* WHAT THE TASK ASKS *
Please repeat exactly the lines below from the one containing "913ec35fc Vans Print" down to the one containing "coloriage moto de", both included, and nothing else.

* INFORMATION SUPPLIED *
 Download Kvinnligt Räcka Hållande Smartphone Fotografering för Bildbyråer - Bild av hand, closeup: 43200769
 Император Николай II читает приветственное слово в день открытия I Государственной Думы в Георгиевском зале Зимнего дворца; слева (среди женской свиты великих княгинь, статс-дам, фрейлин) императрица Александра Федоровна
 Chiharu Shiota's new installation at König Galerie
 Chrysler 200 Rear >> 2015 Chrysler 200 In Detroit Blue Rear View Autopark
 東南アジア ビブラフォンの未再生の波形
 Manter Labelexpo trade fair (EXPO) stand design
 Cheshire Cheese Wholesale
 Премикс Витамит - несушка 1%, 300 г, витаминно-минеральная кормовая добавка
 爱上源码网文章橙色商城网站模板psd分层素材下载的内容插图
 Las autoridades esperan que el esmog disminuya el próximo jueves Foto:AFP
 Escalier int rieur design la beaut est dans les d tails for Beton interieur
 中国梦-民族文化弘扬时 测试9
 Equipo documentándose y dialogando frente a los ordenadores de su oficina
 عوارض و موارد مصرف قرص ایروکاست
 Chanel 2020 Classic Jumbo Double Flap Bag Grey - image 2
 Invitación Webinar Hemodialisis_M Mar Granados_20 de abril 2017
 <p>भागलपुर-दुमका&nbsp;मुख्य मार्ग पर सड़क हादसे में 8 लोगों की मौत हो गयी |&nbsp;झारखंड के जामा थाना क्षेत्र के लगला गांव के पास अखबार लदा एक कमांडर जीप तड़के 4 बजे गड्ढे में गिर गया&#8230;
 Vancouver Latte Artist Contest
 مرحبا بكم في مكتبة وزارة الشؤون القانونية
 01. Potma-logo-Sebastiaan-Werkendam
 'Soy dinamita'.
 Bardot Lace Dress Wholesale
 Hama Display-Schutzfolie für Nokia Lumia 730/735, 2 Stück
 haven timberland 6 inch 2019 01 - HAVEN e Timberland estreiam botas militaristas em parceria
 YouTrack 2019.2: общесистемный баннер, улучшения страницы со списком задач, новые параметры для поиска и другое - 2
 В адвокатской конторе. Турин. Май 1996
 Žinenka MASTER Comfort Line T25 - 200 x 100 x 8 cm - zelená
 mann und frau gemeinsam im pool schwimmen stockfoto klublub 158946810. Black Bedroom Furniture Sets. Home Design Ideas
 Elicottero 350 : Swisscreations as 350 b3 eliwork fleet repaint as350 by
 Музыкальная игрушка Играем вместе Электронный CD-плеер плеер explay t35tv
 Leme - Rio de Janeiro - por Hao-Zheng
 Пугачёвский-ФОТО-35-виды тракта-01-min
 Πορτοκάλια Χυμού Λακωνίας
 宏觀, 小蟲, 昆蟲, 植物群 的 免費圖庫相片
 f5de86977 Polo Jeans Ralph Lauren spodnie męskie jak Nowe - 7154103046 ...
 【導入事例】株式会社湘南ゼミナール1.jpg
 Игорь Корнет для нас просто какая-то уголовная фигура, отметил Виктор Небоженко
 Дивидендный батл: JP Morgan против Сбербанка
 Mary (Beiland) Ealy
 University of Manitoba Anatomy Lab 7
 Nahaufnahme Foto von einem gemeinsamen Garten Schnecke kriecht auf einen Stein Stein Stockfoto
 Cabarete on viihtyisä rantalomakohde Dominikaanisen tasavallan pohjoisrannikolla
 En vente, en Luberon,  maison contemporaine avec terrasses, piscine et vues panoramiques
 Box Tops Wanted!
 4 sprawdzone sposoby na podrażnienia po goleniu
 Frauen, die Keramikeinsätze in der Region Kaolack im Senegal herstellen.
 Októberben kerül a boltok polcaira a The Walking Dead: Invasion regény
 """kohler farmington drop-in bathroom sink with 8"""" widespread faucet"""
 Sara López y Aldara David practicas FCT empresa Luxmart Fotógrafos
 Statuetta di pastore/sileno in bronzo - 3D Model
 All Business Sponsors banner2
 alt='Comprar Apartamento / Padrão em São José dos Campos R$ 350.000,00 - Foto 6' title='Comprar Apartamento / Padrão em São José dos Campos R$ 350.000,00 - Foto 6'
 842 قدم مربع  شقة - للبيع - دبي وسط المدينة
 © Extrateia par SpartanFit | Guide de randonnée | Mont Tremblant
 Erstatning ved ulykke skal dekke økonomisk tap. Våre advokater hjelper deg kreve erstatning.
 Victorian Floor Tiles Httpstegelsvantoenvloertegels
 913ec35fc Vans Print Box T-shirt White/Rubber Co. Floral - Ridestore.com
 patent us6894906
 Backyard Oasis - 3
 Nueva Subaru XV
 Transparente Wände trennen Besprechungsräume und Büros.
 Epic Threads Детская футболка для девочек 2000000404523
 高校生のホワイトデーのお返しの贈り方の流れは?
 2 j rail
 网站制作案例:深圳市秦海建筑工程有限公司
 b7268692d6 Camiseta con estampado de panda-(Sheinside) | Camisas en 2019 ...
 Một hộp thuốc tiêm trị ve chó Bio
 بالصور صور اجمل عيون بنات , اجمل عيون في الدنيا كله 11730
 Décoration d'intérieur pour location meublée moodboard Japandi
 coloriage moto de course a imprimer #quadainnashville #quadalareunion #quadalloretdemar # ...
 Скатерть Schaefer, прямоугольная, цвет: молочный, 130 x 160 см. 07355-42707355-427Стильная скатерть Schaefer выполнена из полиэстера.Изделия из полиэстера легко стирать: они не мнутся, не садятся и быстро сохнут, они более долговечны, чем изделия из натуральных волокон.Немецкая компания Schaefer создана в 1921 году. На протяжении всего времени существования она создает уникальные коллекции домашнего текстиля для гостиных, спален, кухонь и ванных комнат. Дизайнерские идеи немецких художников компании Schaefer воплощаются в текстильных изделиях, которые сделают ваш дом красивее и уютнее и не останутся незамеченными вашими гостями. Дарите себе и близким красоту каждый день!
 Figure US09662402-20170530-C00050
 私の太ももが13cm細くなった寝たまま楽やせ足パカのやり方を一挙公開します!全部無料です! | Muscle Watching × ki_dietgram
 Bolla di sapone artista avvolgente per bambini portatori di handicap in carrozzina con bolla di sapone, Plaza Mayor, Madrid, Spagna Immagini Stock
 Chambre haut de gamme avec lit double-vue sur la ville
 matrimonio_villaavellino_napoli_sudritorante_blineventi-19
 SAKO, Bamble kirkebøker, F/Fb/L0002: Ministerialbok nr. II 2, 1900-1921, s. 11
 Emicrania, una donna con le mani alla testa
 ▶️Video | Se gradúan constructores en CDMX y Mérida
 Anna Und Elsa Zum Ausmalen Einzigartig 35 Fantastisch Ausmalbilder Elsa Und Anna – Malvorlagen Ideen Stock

* YOUR RESPONSE *
 913ec35fc Vans Print Box T-shirt White/Rubber Co. Floral - Ridestore.com
 patent us6894906
 Backyard Oasis - 3
 Nueva Subaru XV
 Transparente Wände trennen Besprechungsräume und Büros.
 Epic Threads Детская футболка для девочек 2000000404523
 高校生のホワイトデーのお返しの贈り方の流れは?
 2 j rail
 网站制作案例:深圳市秦海建筑工程有限公司
 b7268692d6 Camiseta con estampado de panda-(Sheinside) | Camisas en 2019 ...
 Một hộp thuốc tiêm trị ve chó Bio
 بالصور صور اجمل عيون بنات , اجمل عيون في الدنيا كله 11730
 Décoration d'intérieur pour location meublée moodboard Japandi
 coloriage moto de course a imprimer #quadainnashville #quadalareunion #quadalloretdemar # ...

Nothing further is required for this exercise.